The Indian electric two-wheeler market, billed as the low-hanging fruit of the EV industry along with e-three-wheelers, is seeing action aplenty. Not a day goes by without the news of either a new product in the offing, an OEM announcing a plant location or a retail strategy designed to draw consumers.
Both the Central government and many state governments are bullish on the transition from petrol-engined two-wheelers to emission-free products and there’s plenty on offer in the form of EV buyer subsidies. The e-two-wheeler market in India is now buzzing with start-ups, new players and also major OEMs like Bajaj Auto, TVS Motor Co and the soon-to-enter Hero MotoCorp. However, there does not seem be major consensus on a consortium or about voluntary standardisation of tech.
According to Diego Graffi, Chairman and MD, Piaggio Vehicles, “My experience with India is that getting so many players to agree on one thing is honestly very difficult.” An interesting observation or harsh reality?
Graffi goes on to explain that when it comes to an alliance like the one Piaggio has with KTM, Yamaha and Honda in European, is because of the low two-wheeler volumes. “The point of difference between Europe and India is the size of the market. For the European market, if you have to create a battery swapping network you have to create mass volume to create a standard. In India, the volume is already there so you can afford to have 2-3 standards?”
While Piaggio has introduced the Vespa Elettrica and recently showcased Piaggio One modular platform for the global market, the products are not likely to be introduced in India. It is no secret that Piaggio is developing an electric two-wheeler for the Indian market. But while the details are scarce, Graffi says, “We will enter the electric two-wheeler space with a product that will provide us a competitive advantage in terms of customer experience for the next 5-6 years. That is why we are taking longer time. The product is being designed and developed in Italy for the global market. The electric mobility segment is highly exposed to quantum jump in technology advancement.”

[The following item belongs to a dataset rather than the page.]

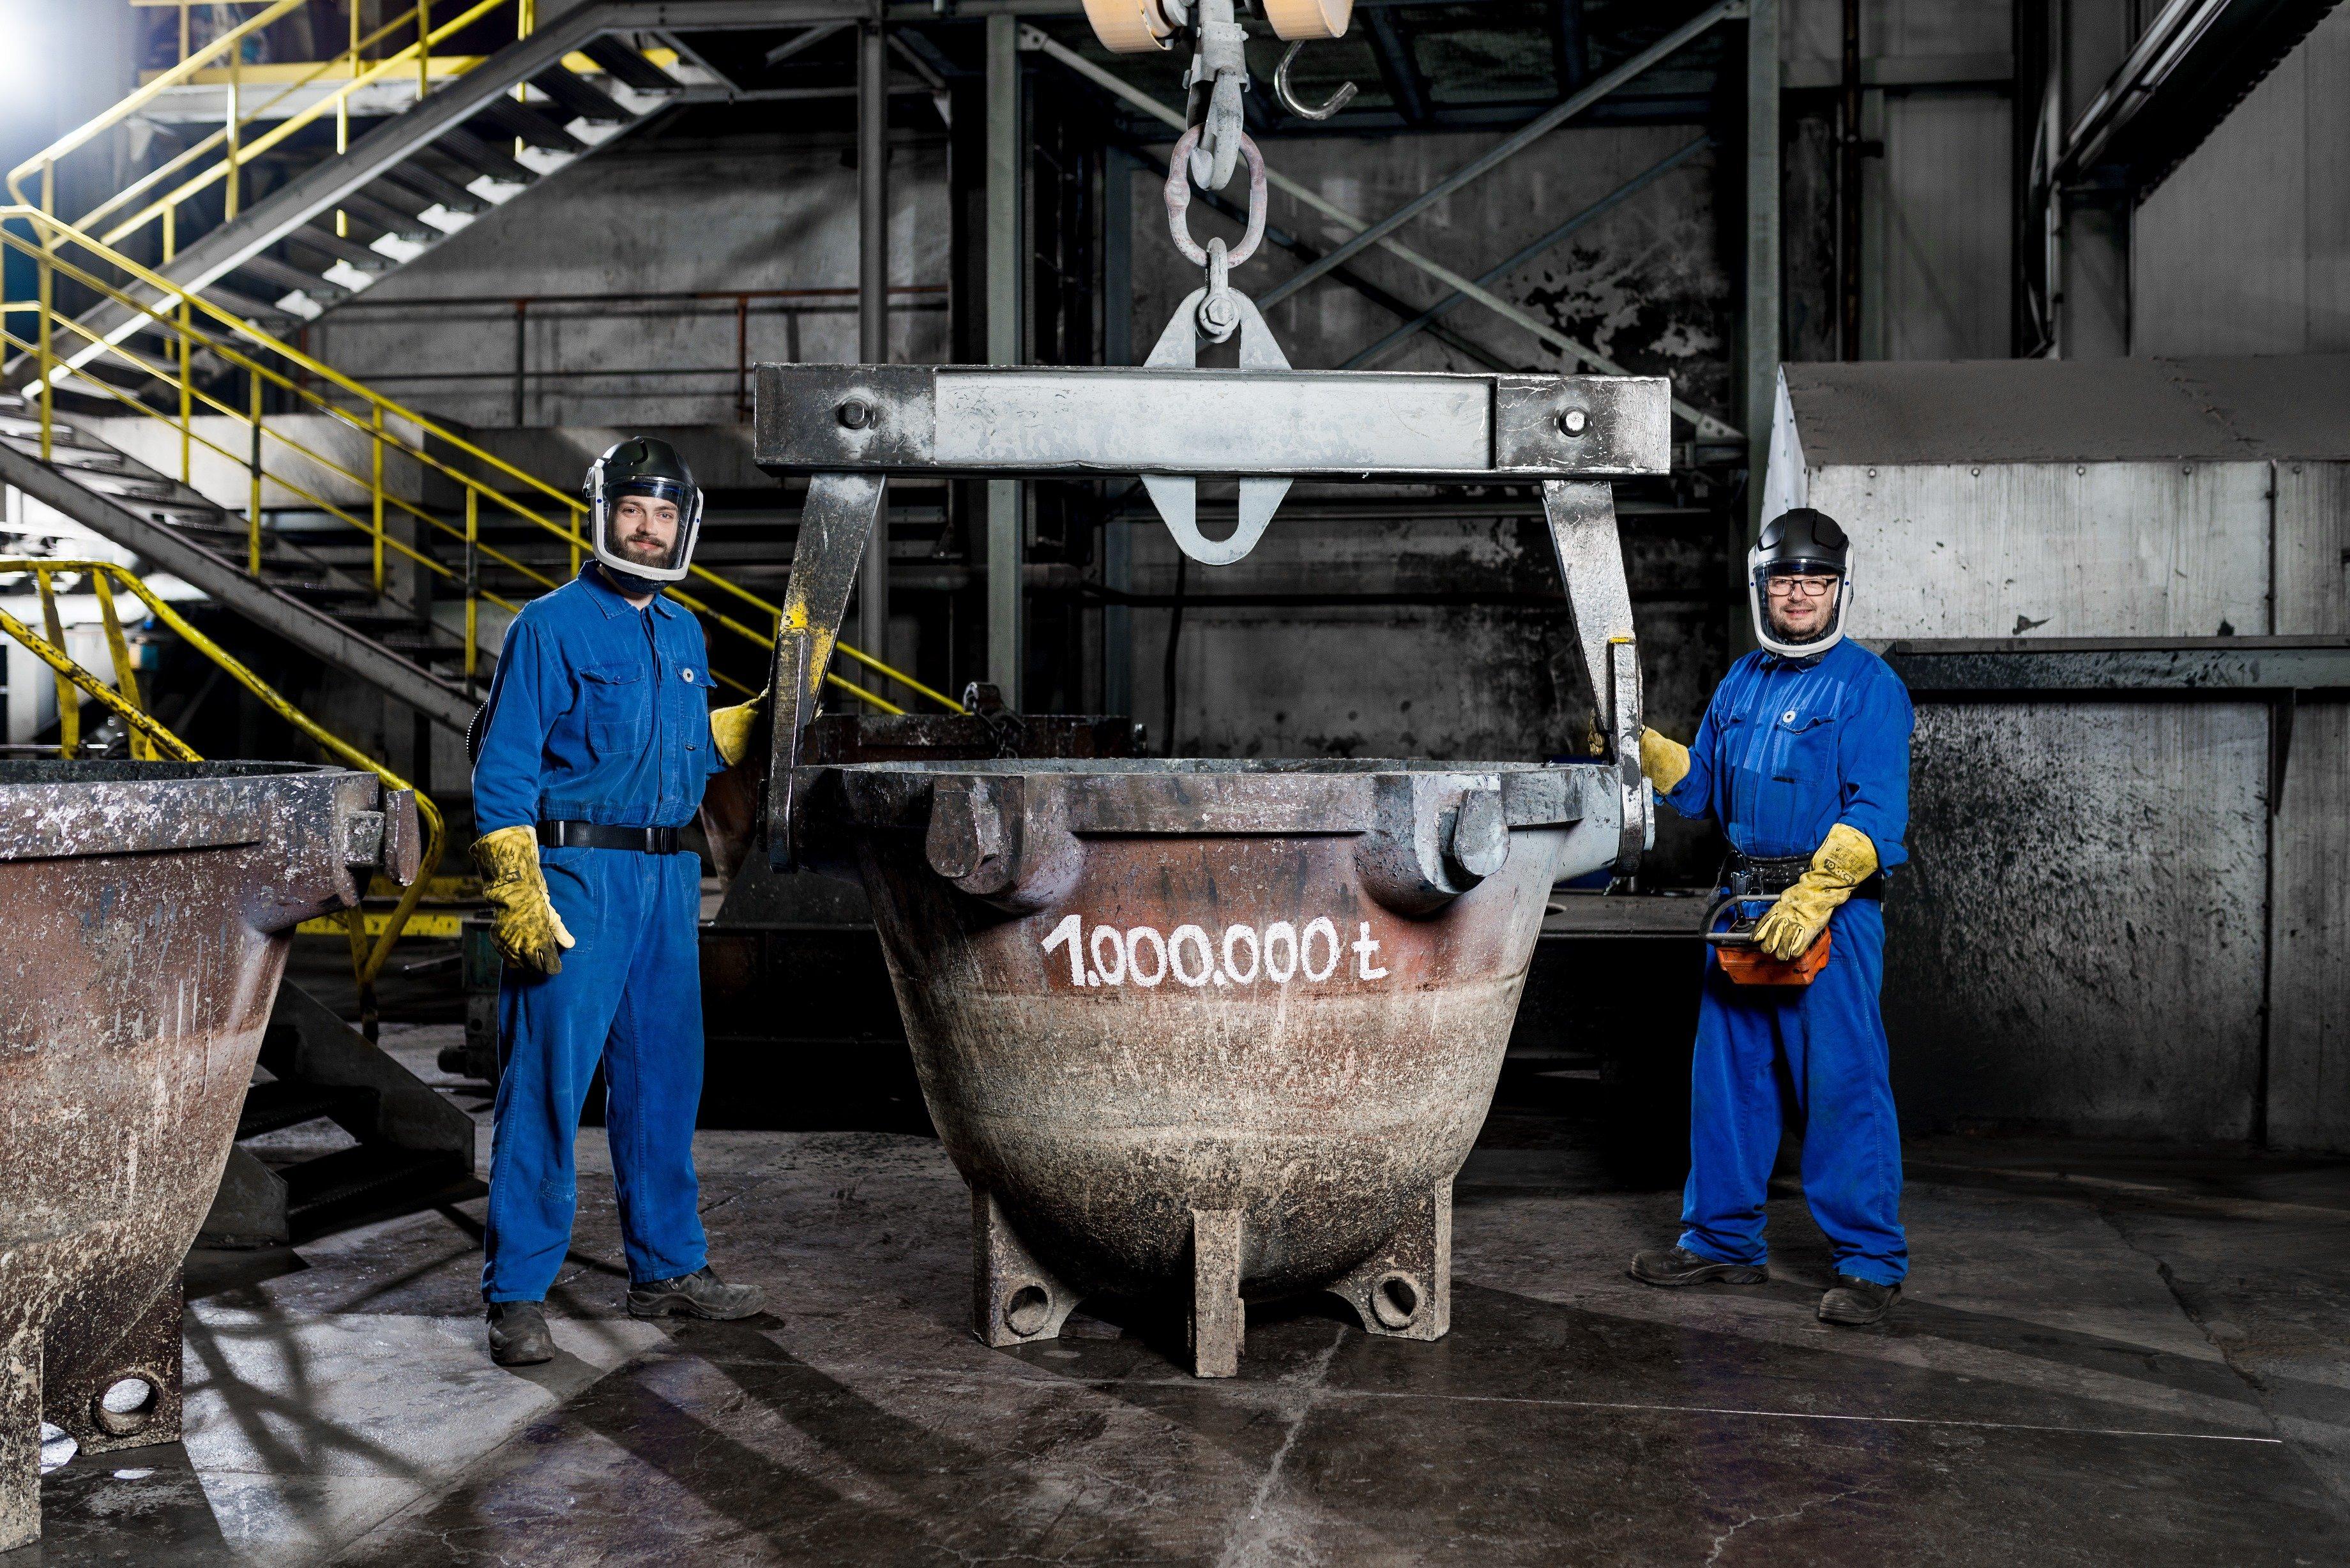 Foto: Ecobat Technologies

He recollects that when he joined Piaggio India in 2017-18, the e-scooter market was still in a very nascent stage. “But in just 4 years, we have seen how a number of players have come up. This is what is beautiful about India – you see a quantum leap in terms of technology in just a couple of years. What happens in other parts of the world over 10 years, it happens in India in just 2-3 years.”
Incentivised EV buying not sustainable
According to Piaggio Vehicles’ chief, while there are many subsidies being provided on electric two-wheelers at present, it is not a sustainable route for the market, an example seen in China. Graffi believes incentivisation is not a sustainable business for electric two-wheelers. “It is in the short-and-medium term, but in the long term you cannot just rely on incentives. You have to create a ground of competitiveness in India, where battery and powertrain cost are more affordable than the ICE scooter.”
Sharing his views on the benefits of battery swapping versus charging, Graffi believes that both will go hand in hand. “I believe both will grow in parallel. Swappable and portable is almost the same.” Piaggio says it is working closely with its supplier base to create a local manufacturing ecosystem for its EV plans.